Le accuse rientrano nelle indagini sui contatti con la Russia, guidate dal procuratore speciale Robert Mueller
L’ex consigliere per la sicurezza nazionale di Donald Trump, Michael Flynn, si è dichiarato colpevole di aver mentito all’Fbi, dopo essere stato formalmente accusato di aver reso dichiarazioni false sui suoi contatti con la Russia. E’ il “pesce più grosso” che sia finito nella rete dell’indagine sul Russiagate, almeno finora. L’uomo che fu il primo consigliere per la sicurezza nazionale di Trump, con accesso a tutti i segreti dell’intelligence americana, è stato formalmente incriminato. Il generale Flynn ha ricevuto notifica dell’incriminazione dallo Special Counsel, il superprocuratore indipendente Robert Mueller che porta avanti l’indagine su incarico del Dipartimento di Giustizia. L’accusa è di aver mentito all’Fbi nel corso di una deposizione sotto giuramento, riguardo al contenuto di un incontro che Flynn ebbe con l’ambasciatore russo.

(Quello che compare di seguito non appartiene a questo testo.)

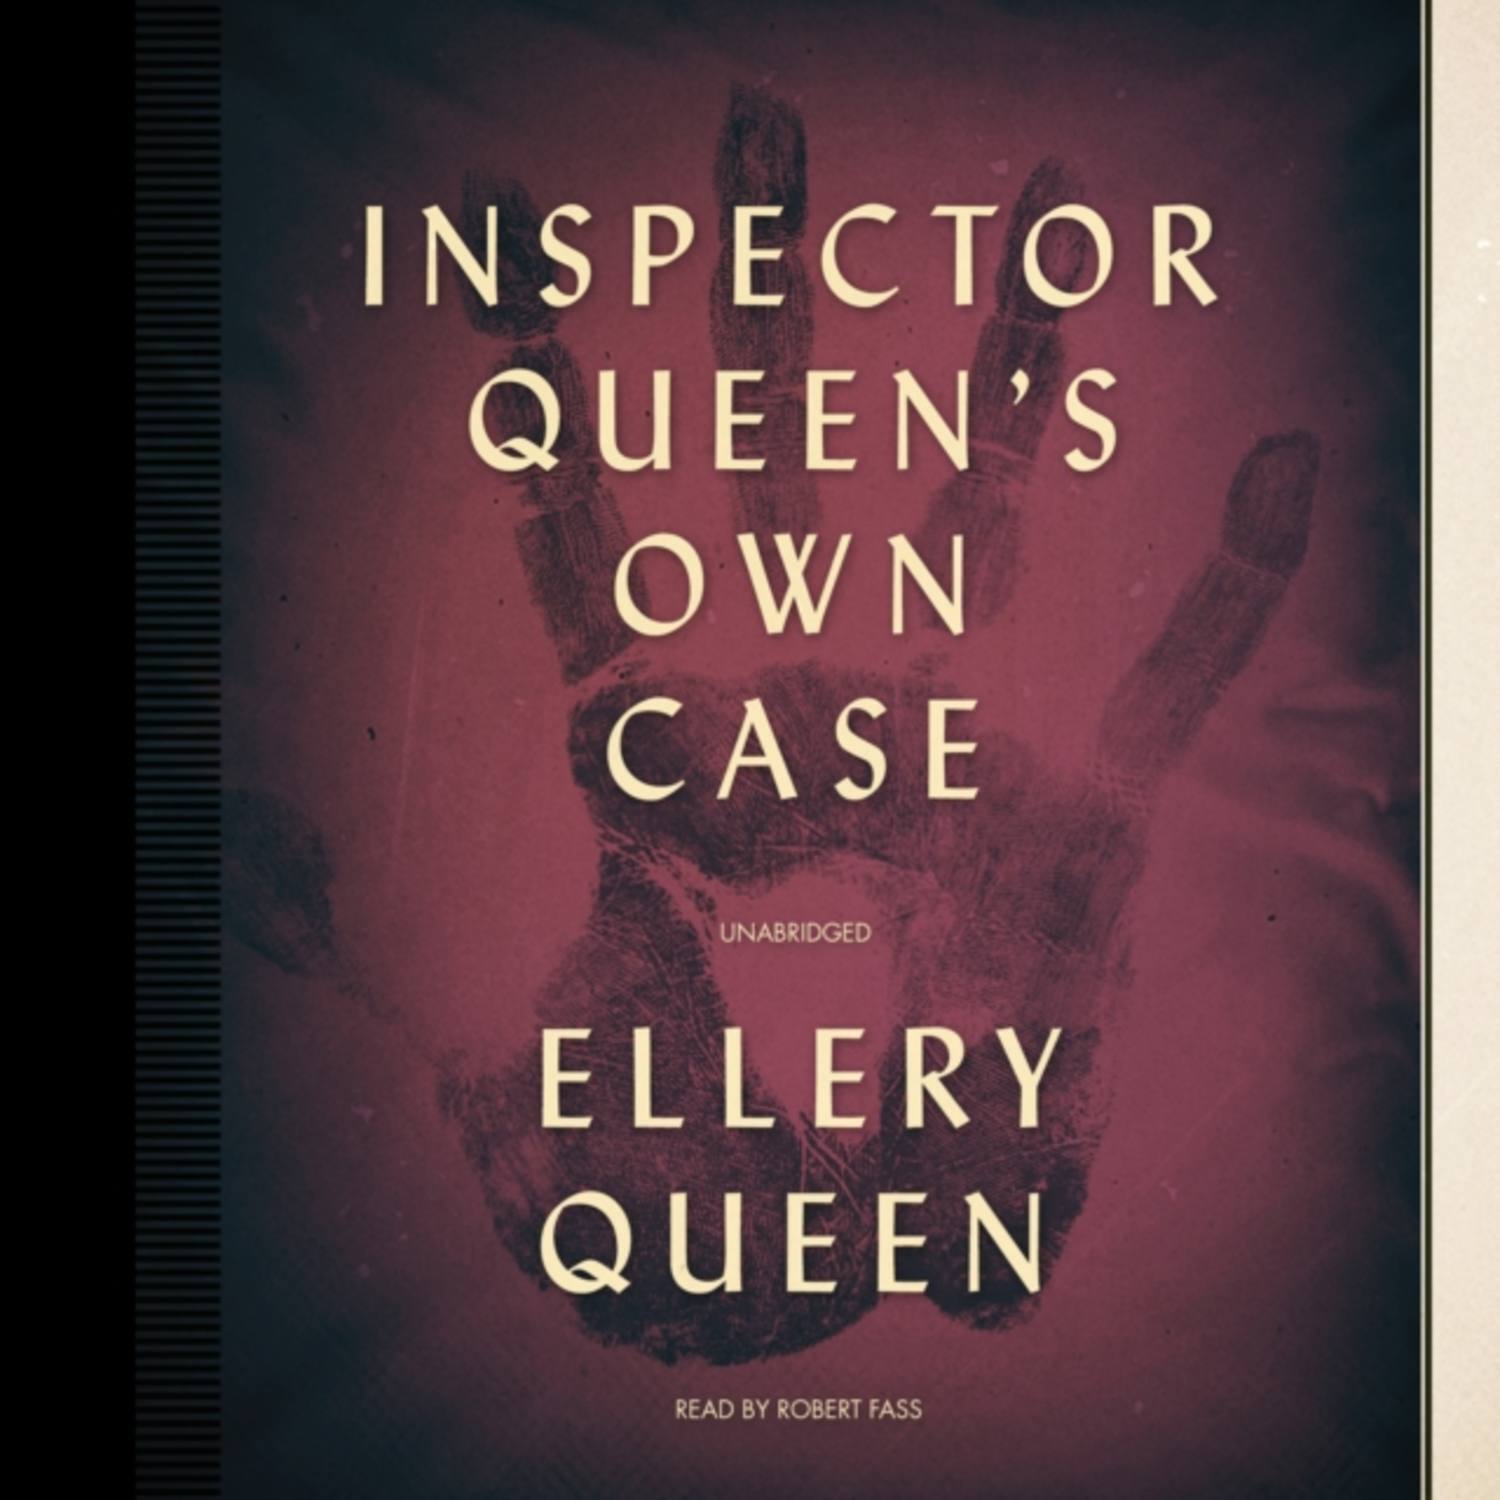 Ellery Queen books. Queen be read

Altrettanto importante di questa incriminazione, è che il generale abbia accettato di riconoscere la propria colpevolezza. Questo significa che i suoi legali hanno cominciato a patteggiare col procuratore Mueller. Non a caso già qualche giorno fa si era saputo che la squadra legale dei difensori di Flynn aveva cessato ogni comunicazione con la Casa Bianca: questa è una pre-condizione per collaborare con l’accusa.
Flynn si è presentato in tribunale oggi per rispondere di “false e fraudolente dichiarazioni” fornite al Fbi. E’ presto per dire se questo avrà delle conseguenze sul presidente stesso, ma di certo con Flynn il cerchio si stringe e l’indagine arriva sempre più vicina a Trump.